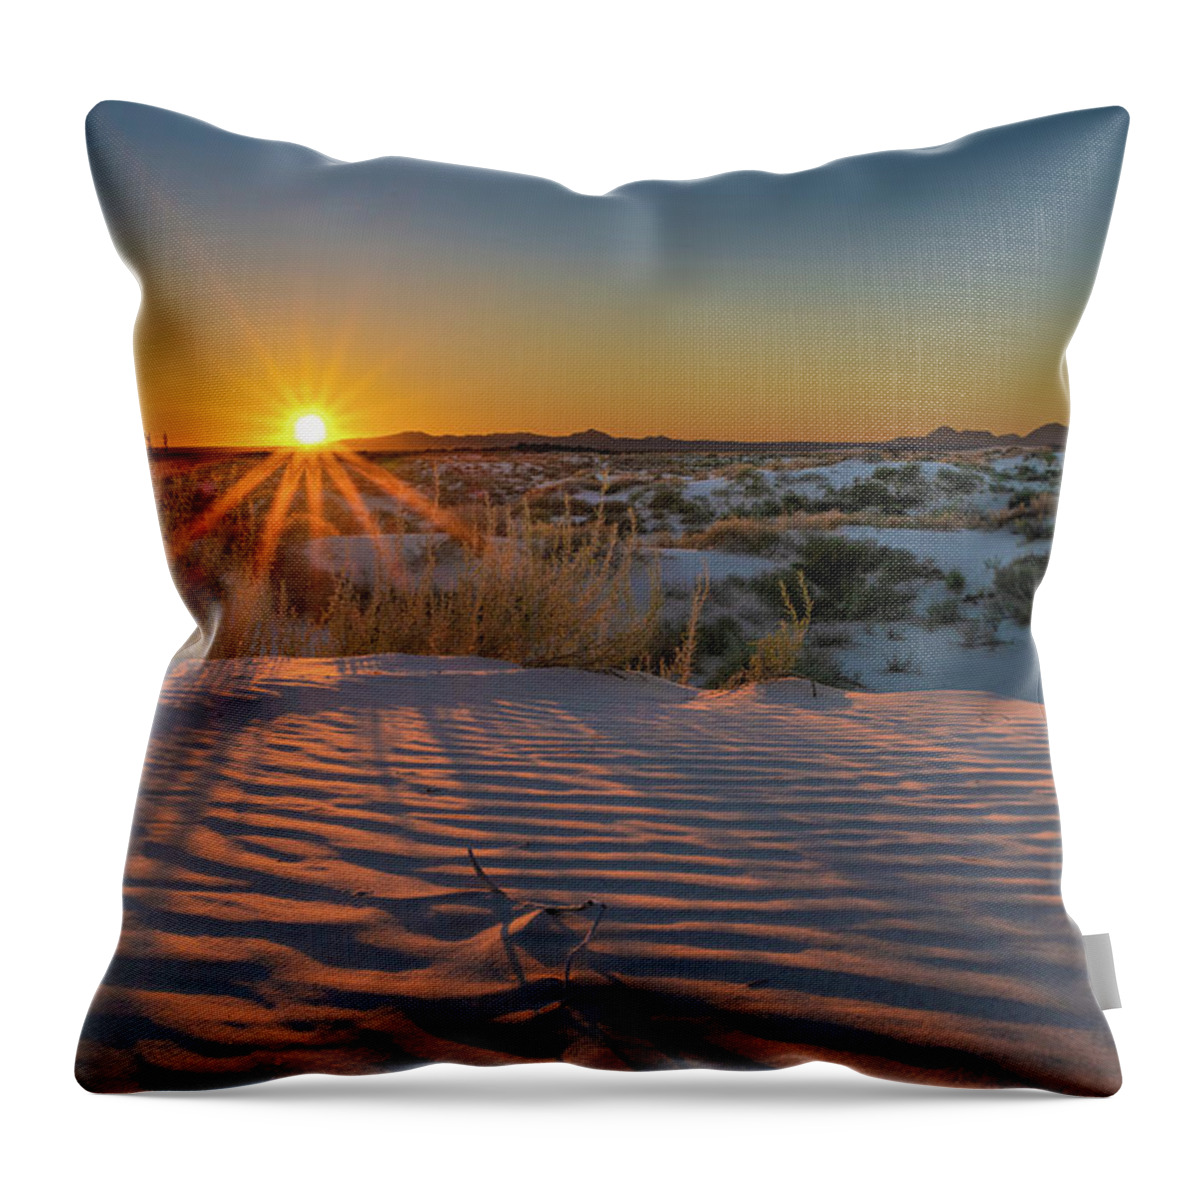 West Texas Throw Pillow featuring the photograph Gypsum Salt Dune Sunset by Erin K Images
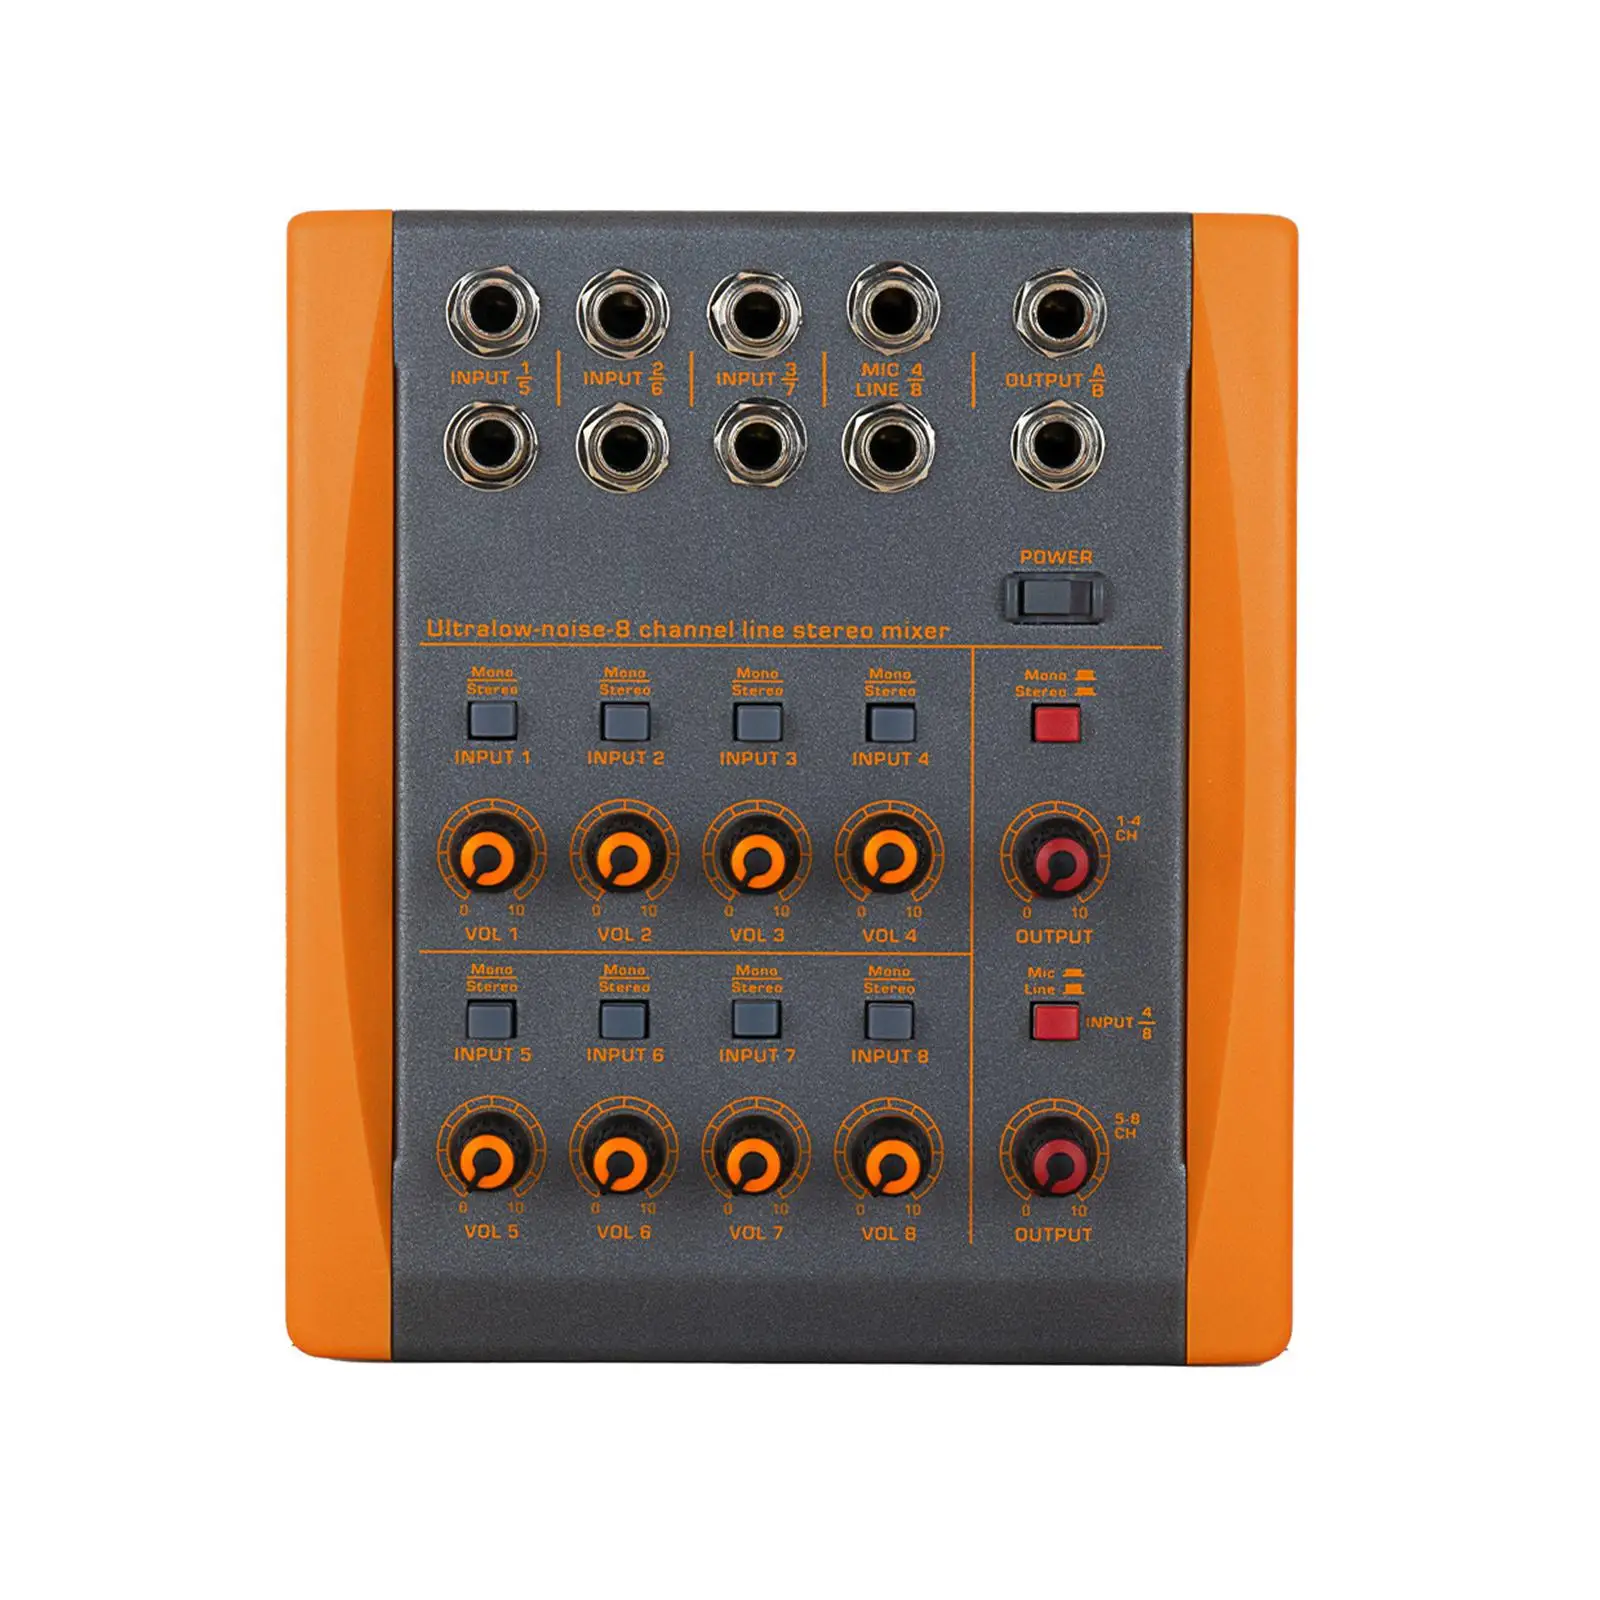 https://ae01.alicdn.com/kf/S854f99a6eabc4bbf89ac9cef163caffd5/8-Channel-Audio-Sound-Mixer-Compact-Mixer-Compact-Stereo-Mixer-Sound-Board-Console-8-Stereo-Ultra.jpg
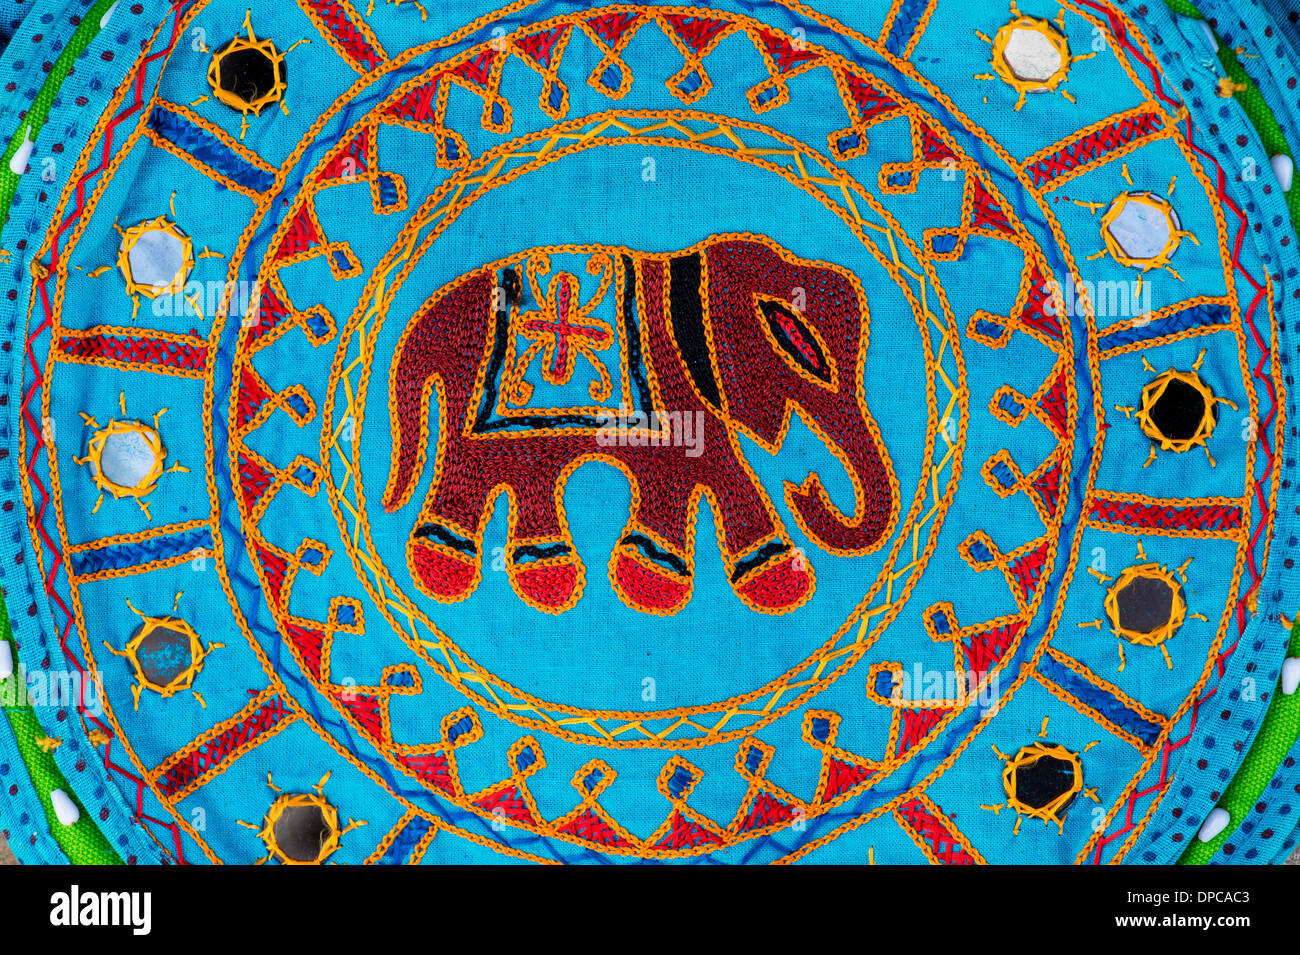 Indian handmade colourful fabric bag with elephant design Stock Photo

### What the task asks
Transcribe the listing above in full and exactly; no pictures belong in the copy.

### Output for this task
 West Texas Throw Pillow featuring the photograph Gypsum Salt Dune Sunset by Erin K Images
 https://ae01.alicdn.com/kf/S854f99a6eabc4bbf89ac9cef163caffd5/8-Channel-Audio-Sound-Mixer-Compact-Mixer-Compact-Stereo-Mixer-Sound-Board-Console-8-Stereo-Ultra.jpg
 Indian handmade colourful fabric bag with elephant design Stock Photo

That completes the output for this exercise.